Germanium is an outstanding anode material in terms of electrochemical performance, especially rate capability, but its developments are hindered by its high price because it is rare in the crust of earth, and its huge volume variation during the lithium insertion and extraction. Introducing other cheaper elements into the germanium-based material is an efficient way to dilute the high price, but normally sacrifice its electrochemical performance. By the combination of nanostructure design and cheap element (calcium) introduction, urchin-like Ca2Ge7O16 hierarchical hollow microspheres have been successfully developed in order to reduce the price and maintain the good electrochemical properties of germanium-based material. The electrochemical test results in different electrolytes show that ethylene carbonate/dimethyl carbonate/diethyl carbonate (3/4/3 by volume) with 5 wt% fluoroethylene carbonate additive is the most suitable solvent for the electrolyte. From the electrochemical evaluation, the as-synthesized Ca2Ge7O16 hollow microspheres exhibit high reversible specific capacity of up to 804.6 mA h g−1 at a current density of 100 mA g−1 after 100 cycles and remarkable rate capability of 341.3 mA h g−1 at a current density of 4 A g−1. The growth mechanism is proposed based on our experimental results on the growth process.

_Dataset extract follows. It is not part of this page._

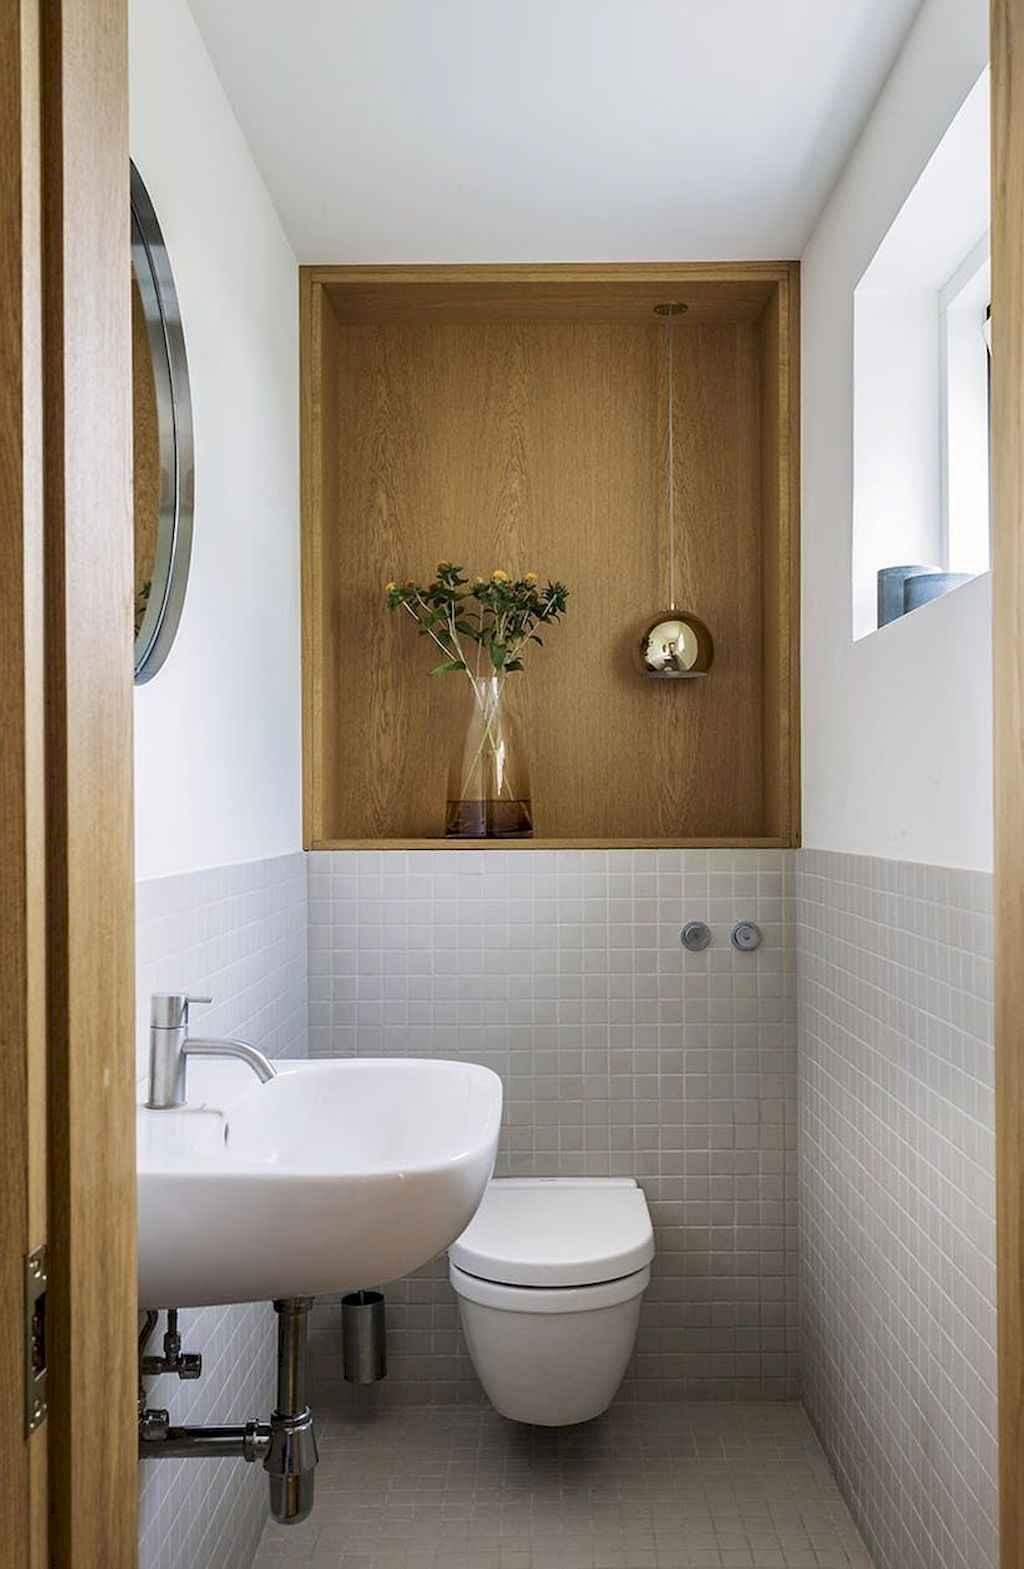 111 Brilliant Small Bathroom Remodel Ideas On A Budget (53)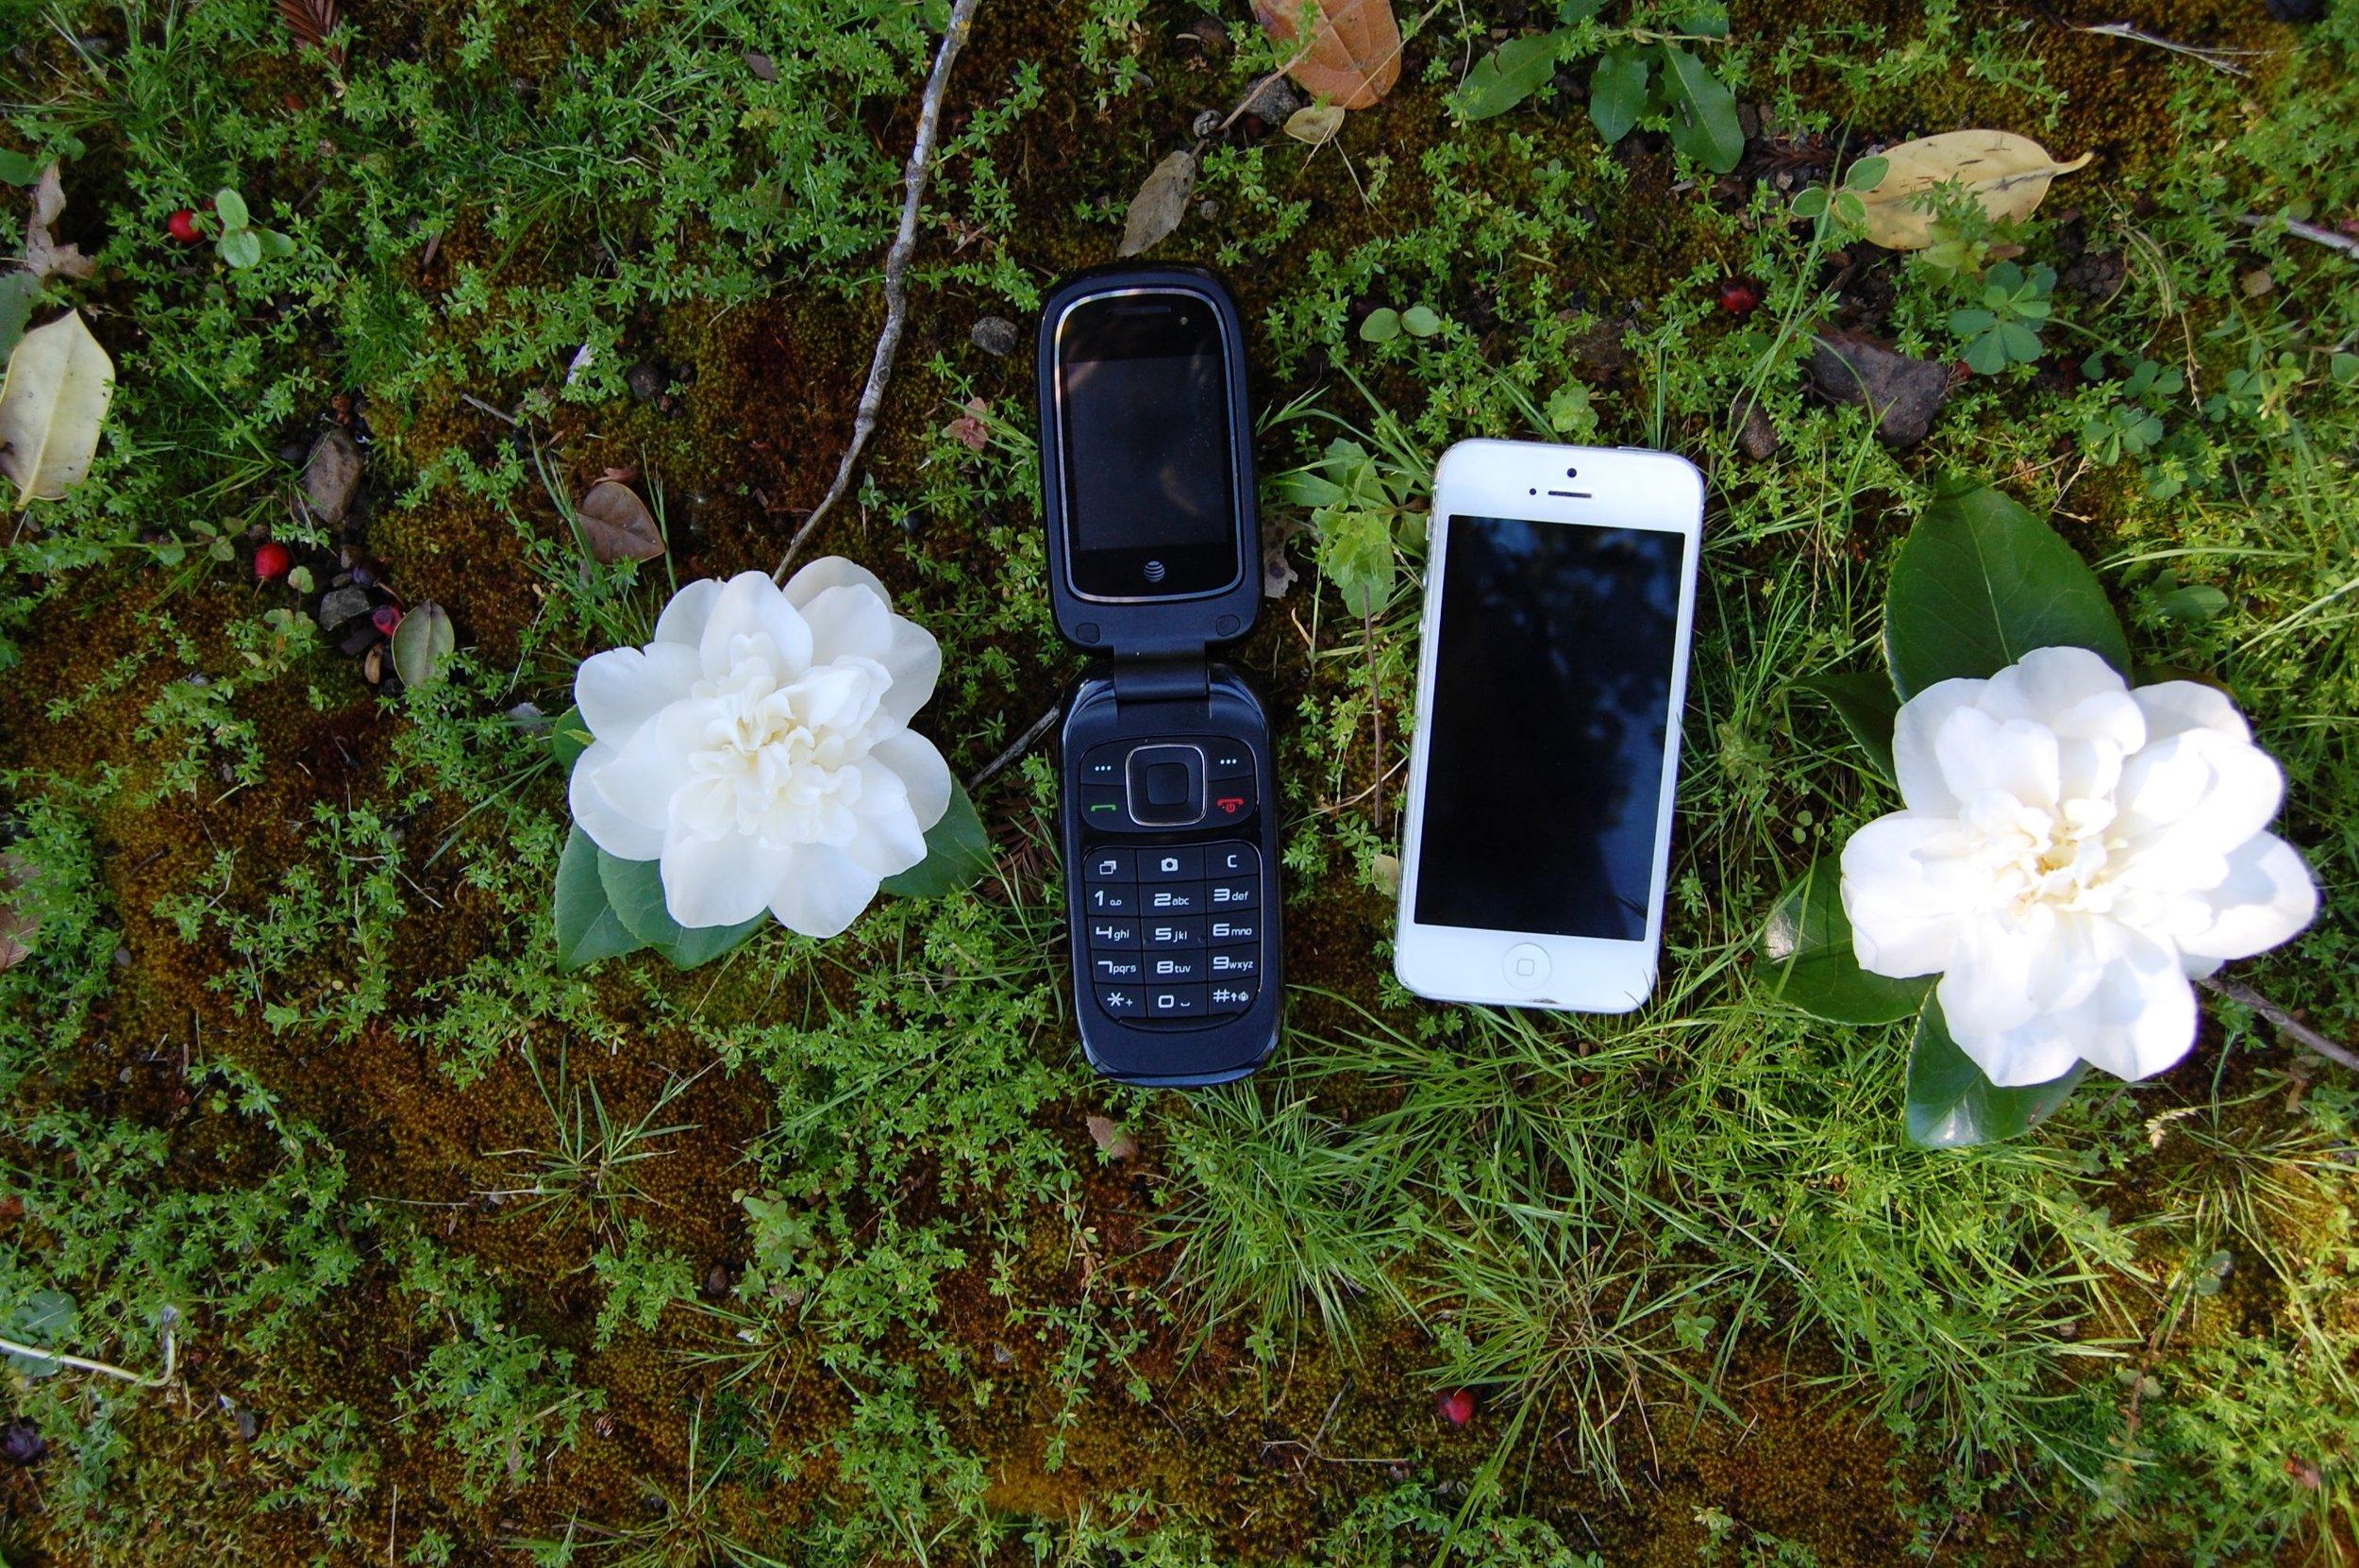 Flip Phone, GoPhone, iPhone 5

Driven by the increasing need for flexible and portable flexible electronic devices, lithium ion batteries have attracted great efforts to develop advanced electrode materials with high electromotive force, energy density, and power density. To further increase the gravimetric and volumetric lithium storage capacity of lithium ion batteries, alloy-type anodes, especially group IVA elements, have been intensively explored as promising alternative active materials to conventional carbonaceous anode because of their high theoretical capacities1,2. For instance, metallic germanium has recently been widely considered as a promising anode material candidate because of its higher theoretical specific capacity of 1600 mA h g−1, and high lithium diffusivity and electrical conductivity3,4,5,6. On the other hand, germanium suffers from large volume changes of as much as 300% during full lithium insertion/extraction processes (corresponding to Li4.4Ge alloy)7,8, which results in structural collapse and deterioration of the cycling performance. To circumvent this problem, some structural or textural modifications are applied to improve the cycling performance of the germanium electrodes, such as nanosized structure9,10, highly porous structure11, and enclosing the germanium in a carbon matrix12,13. An alternative method is to synthesize binary or ternary germanium compounds14,15, which can form lithium compounds in situ during the initial lithium uptake process to serve as buffer matrices, although binary germanium compounds exhibit relatively low specific capacities16.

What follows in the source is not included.